Но дотроньтесь. Пепел тёплый. Где-то под пеплом теплится огонёк. Теплится.

— У всех людей души серенькие, — все подрумяниться хотят.

Вот это «подрумянить душу» и есть человеческое, вечно человеческое, «das ewig menschliches».[4]

Барон подрумянивает себе душу тем, что вспоминает, как он «благородно» пил по утрам кофе со сливками, как у него были предки и лакеи.

Актёр подрумянивает душу тем, что с гордостью произносит «громкое» название своей болезни:

— Мой организм отравлен алкоголем!

Не просто пьяница, а нечто звучное:

— Организм отравлен алкоголем!

Звучит «благородно».

«Девица» читает благородные романы. Где всё самая возвышенная любовь и самопожертвование. И воображает себя на месте героинь. И верит этому.

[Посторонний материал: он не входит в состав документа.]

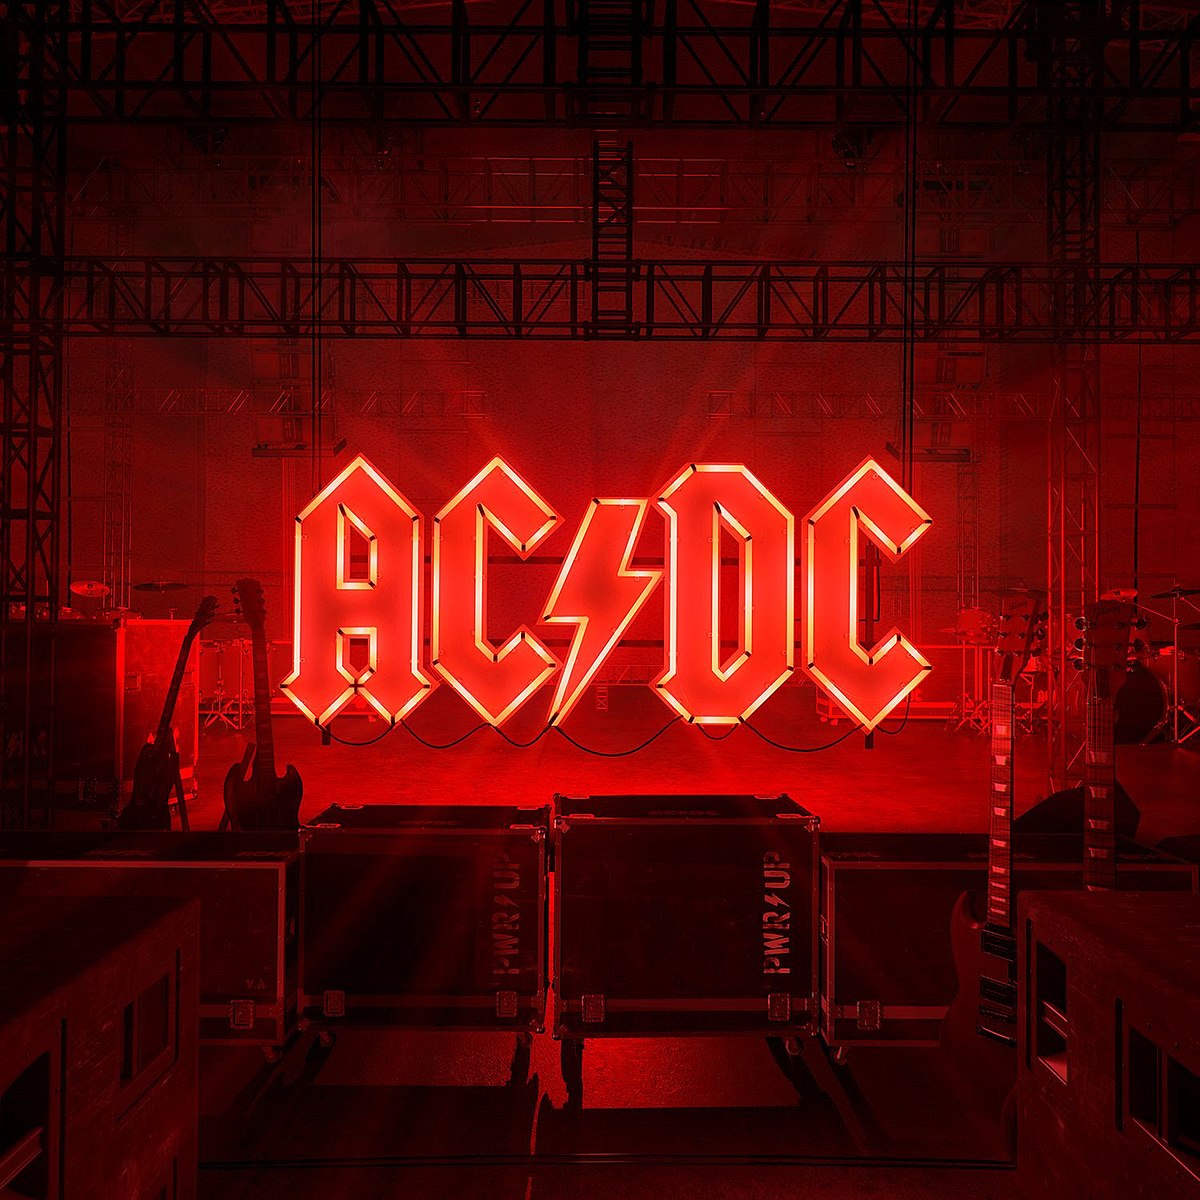 Capa do PWR UP, novo álbum do AC/DC
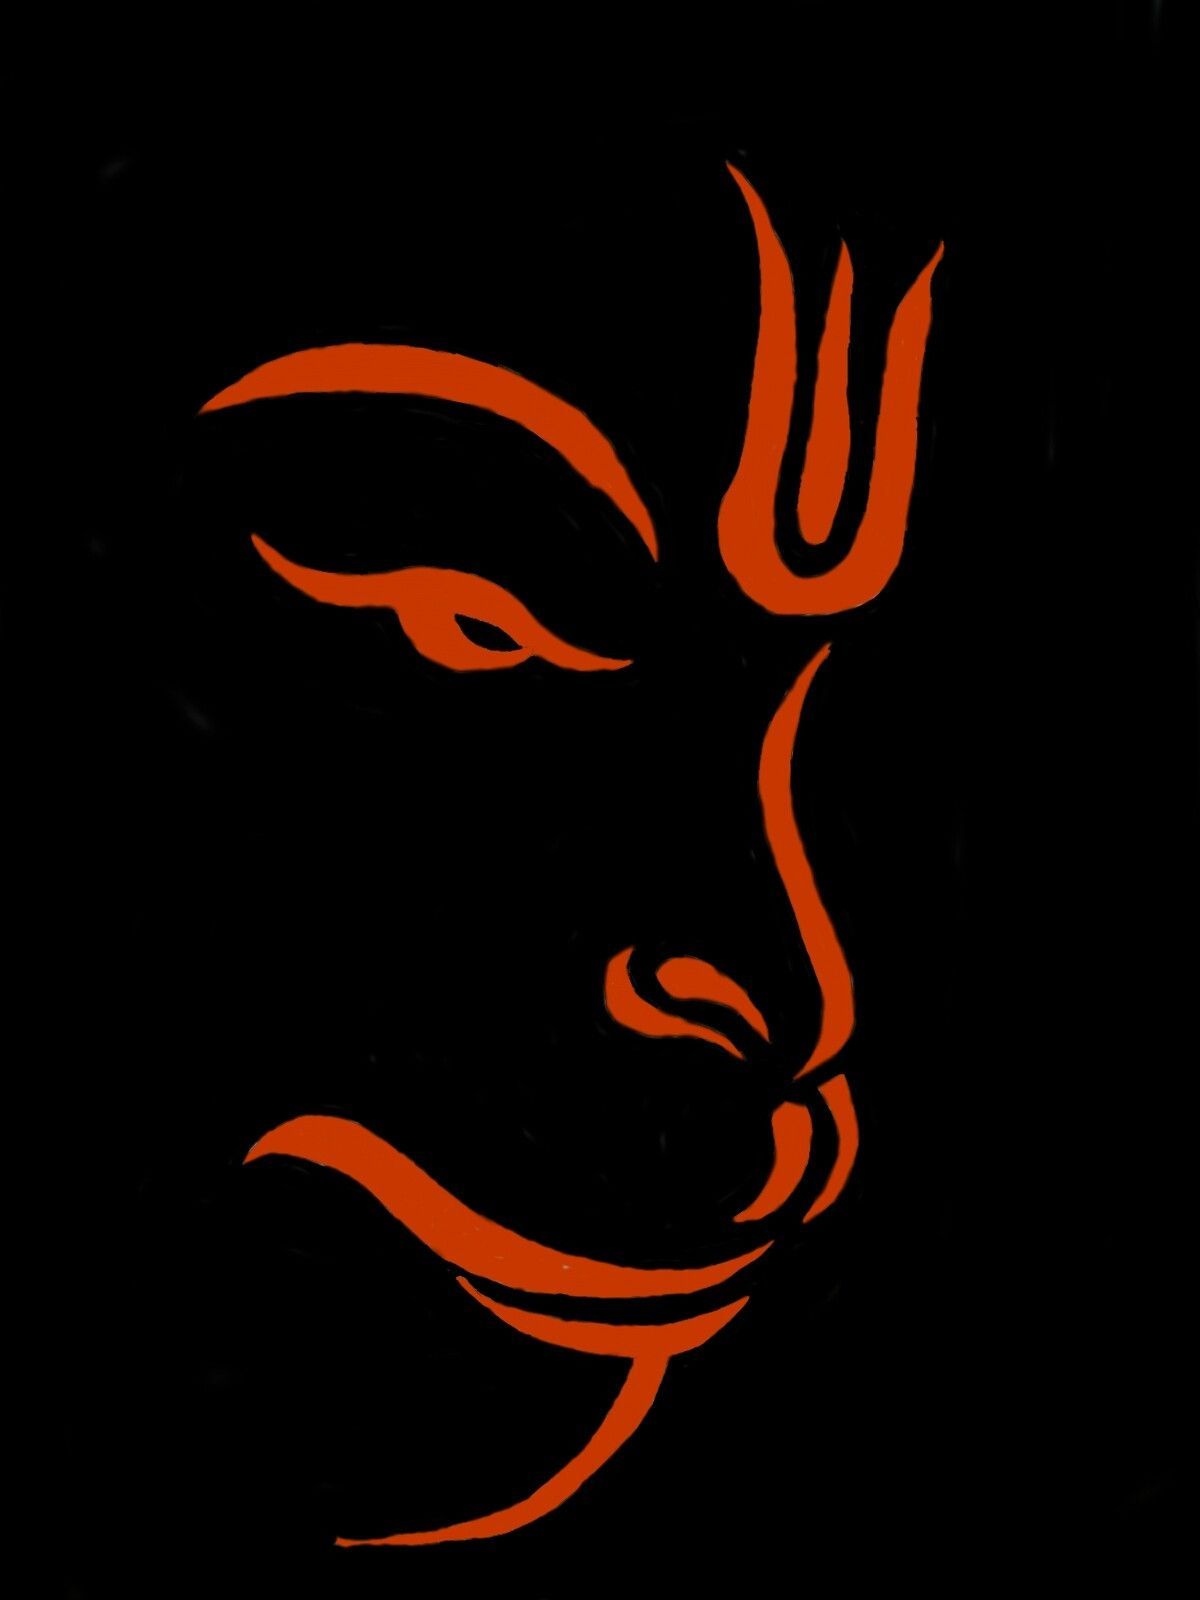 Hanuman - poster image

Телеграфист произносит «необыкновенные слова»:

— Органон… Транс-цен-ден-тальный.

— Надоели мне, брат, все человеческие слова. Все наши слова надоели. Каждое из них слышал я, наверное, тысячу раз!

Глупы эти люди, не правда ли? И румяна у них грошовые?

И вдруг эти «серенькие души» вспыхивают ярким румянцем. Не румянцем грошовых румян. А настоящим, человеческим румянцем.

Что случилось?

В ночлежку пришёл старик бродяга Лука.

И раздул пламя, которое таилось под грудою пепла.

И из этой груды грязи, навоза, смрада, отрепьев, гнусности, преступления вызвал человека.

Человека во всей его красоте.

Человека во всей его прелести мысли и чувства.

Как случилось такое чудо?

Лука не проповедник.

Лука суетливый старикашка, он говорит забавно и наивно.

Но каждое его слово сейчас же переходит в дело.

Он проповедует делами, и в этом, как в толстовском Акиме, его сила.

Лука с полицейской точки зрения — тёмная личность. С нашей — обыкновенный:

— Потерял всякую нравственную брезгливость.

Он входит со словами:

— Мне всё равно. Я и жуликов уважаю. По-моему, ни одна блоха не плоха. Все чёрненькие, все прыгают.

Лука полон веры в человека.

— А как ты думаешь, добьются люди правды?

— Да уж раз взялись, — как же не добиться. Люди добьются.

Мира будущего человеку бояться нечего:

— Ты, Анна, не бойся. Ты неба не бойся. Преставишься ты, и скажет Господь: «Приведите ко мне Анну. Я эту Анну знаю. Эта Анна много страдала, много мучилась в жизни. Отведите Анну теперь на покой. Пусть Анна отдохнёт».

У Луки религия человека.

Всегда во всём у него прежде всего «человек».

На него, когда он был сторожем, напали с топором беглые каторжники. Он «осерчал за топор». Из ружья нацелился.

— Бросай топор. Наломай веток. Пори друг друга по очереди. Зачем на человека с топором кидаетесь!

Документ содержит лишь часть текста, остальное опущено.